Le revenu minimum universel en 1795
Publié le 9 mars 2016. Par La rédaction de Books.
Ivan Yermenyov, The Singing Beggars
Les sénateurs ont débattu, ce mercredi, de la possibilité d’instaurer un revenu minimum universel. Cette somme fixe, permettant un niveau de vie suffisant, et accessible sans condition de revenu ou d’activité, a un précédent resté célèbre : le Speenhamland Act.
L’histoire commence en 1795, quand les juges de paix du comté de Berkshire, en Angleterre, mettent en place « un revenu minimum indexé sur le coût de la vie ». Cette allocation accessible à tous les nécessiteux, y compris au travailleur (à concurrence d’un plafond), prend en compte la dimension de la famille et le prix du pain, rappelle Jacques Rodriguez dans Le Pauvre et le sociologue. Elle repose sur l’idée d’un « droit de vivre ». Les magistrats du Berkshire n’agissent pourtant pas par idéalisme. Face à une situation économique dégradée par la guerre et les mauvaises récoltes, ils cherchent à éviter la multiplication des émeutes de la faim et le risque de révolution. L’impôt des pauvres, une taxe levée jusqu’alors pour subvenir aux anciennes formes d’assistance, sert à financer le nouveau système.

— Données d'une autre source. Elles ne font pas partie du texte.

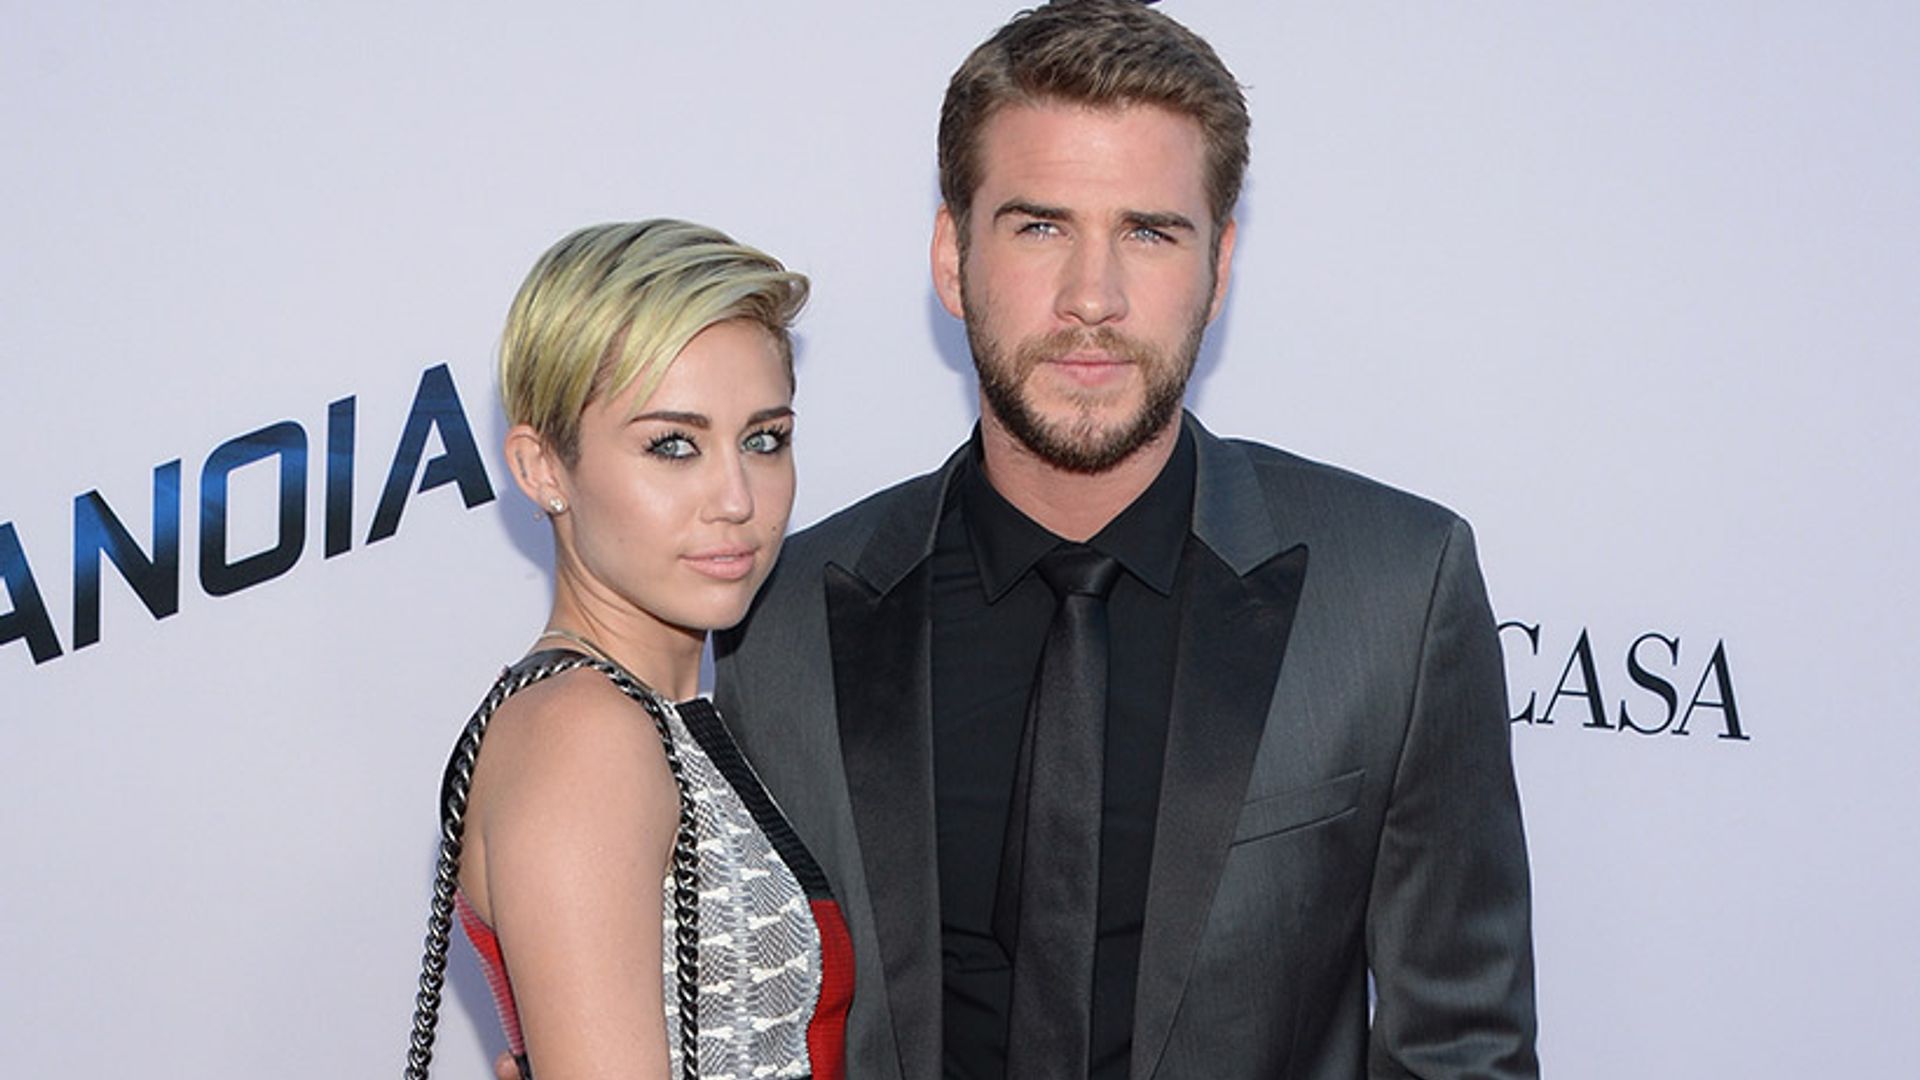 Is Miley Cyrus' new tattoo a tribute to Liam Hemsworth?
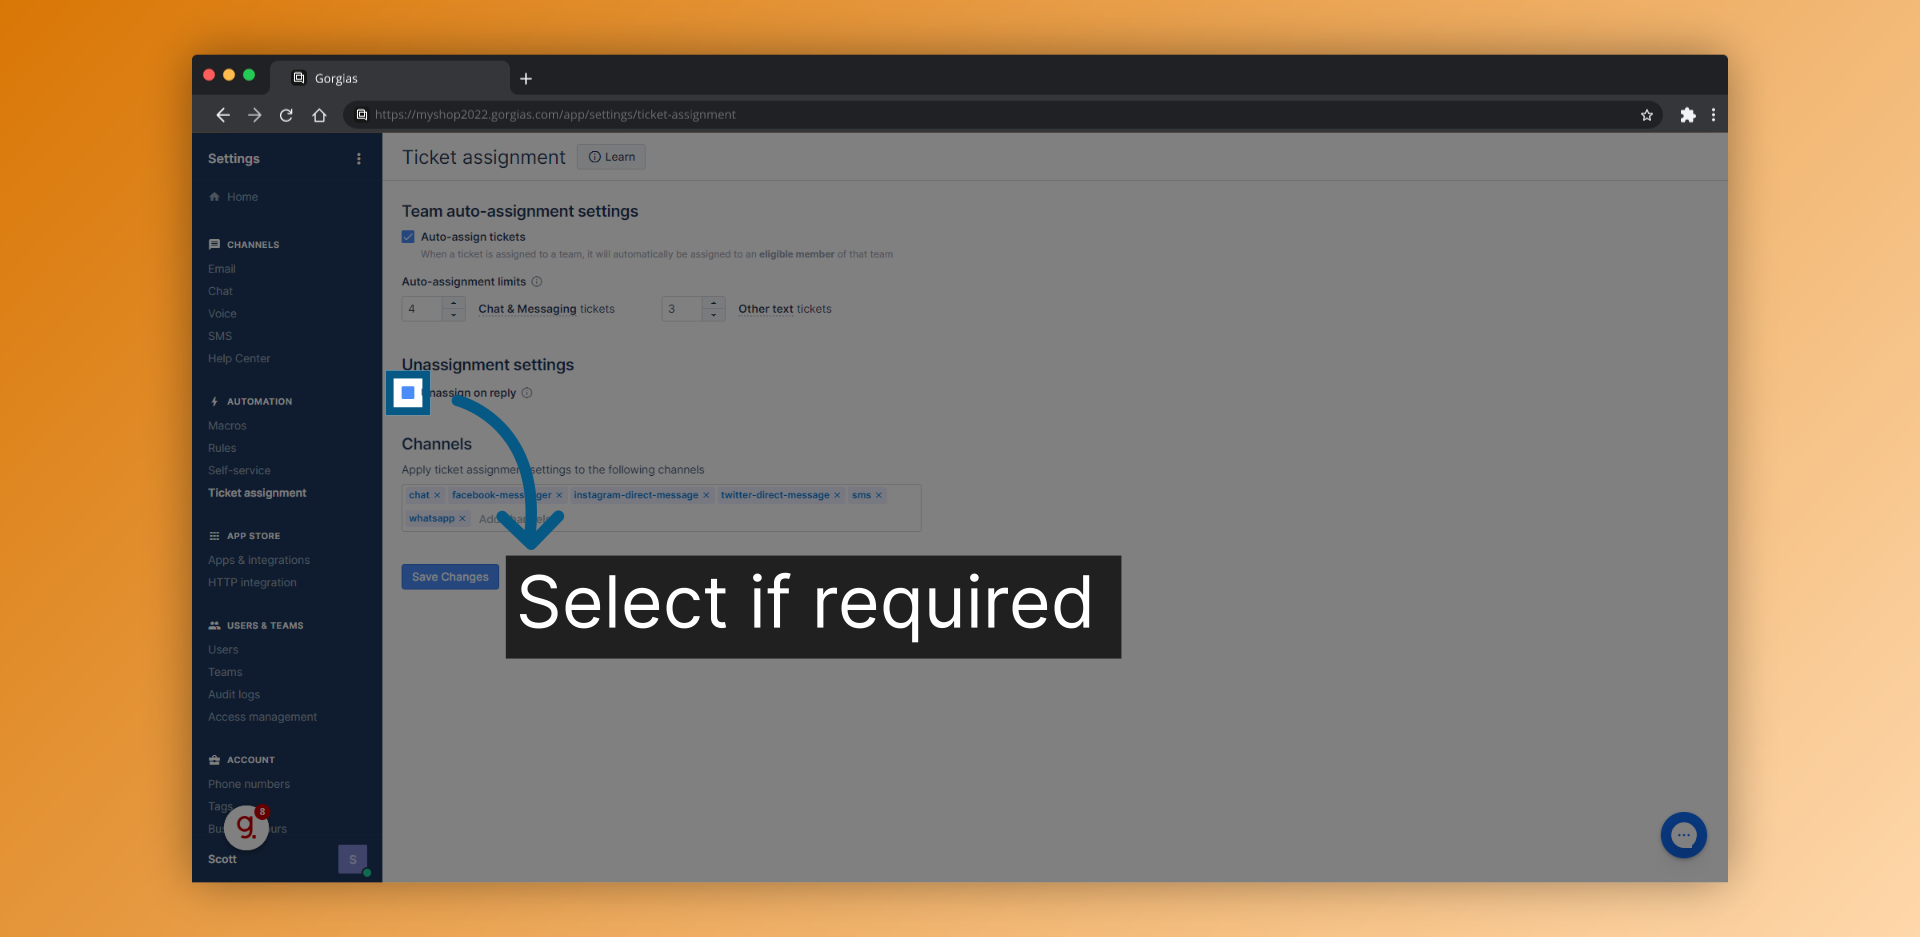 Select if required

Dans les années qui suivent, de nombreux comtés imitent le Berkshire. En 1796, le Premier ministre William Pitt envisage même d’étendre la mesure à toute l’Angleterre. Une proposition qui déchaîne les passions. Le Speenhamland Act est l’antithèse du modèle libéral en vogue à l’époque. Des penseurs comme Morton Eden, Jeremy Bentham et Thomas Malthus sont vent debout contre cette mesure. Ils affirment que cela incite les employeurs à fixer les salaires au-dessous du juste prix, mais surtout que ce revenu inconditionnel détruit la valeur travail et encourage l’assistanat. Malthus va même plus loin : le dispositif n’aide pas les pauvres, il les crée, notamment en incitant les démunis à se marier plus jeunes et à avoir plus d’enfants. Le Speenhamland Act finira par être abrogé en 1834 pour faire place à un système conditionnant l’aide à l’activité.
Aujourd’hui, les défenseurs du revenu universel « ont repris le flambeau du Speen », assurent les universitaires belges Yannick Vanderborght et Philippe Van Parijs dans L’Allocation universelle. Mais, connaissant la fin de l’histoire, ils s’efforcent d’en éviter les défauts : plus question de définir un plafond, mais un plancher de ressources, pour s’assurer que « le travail paie ».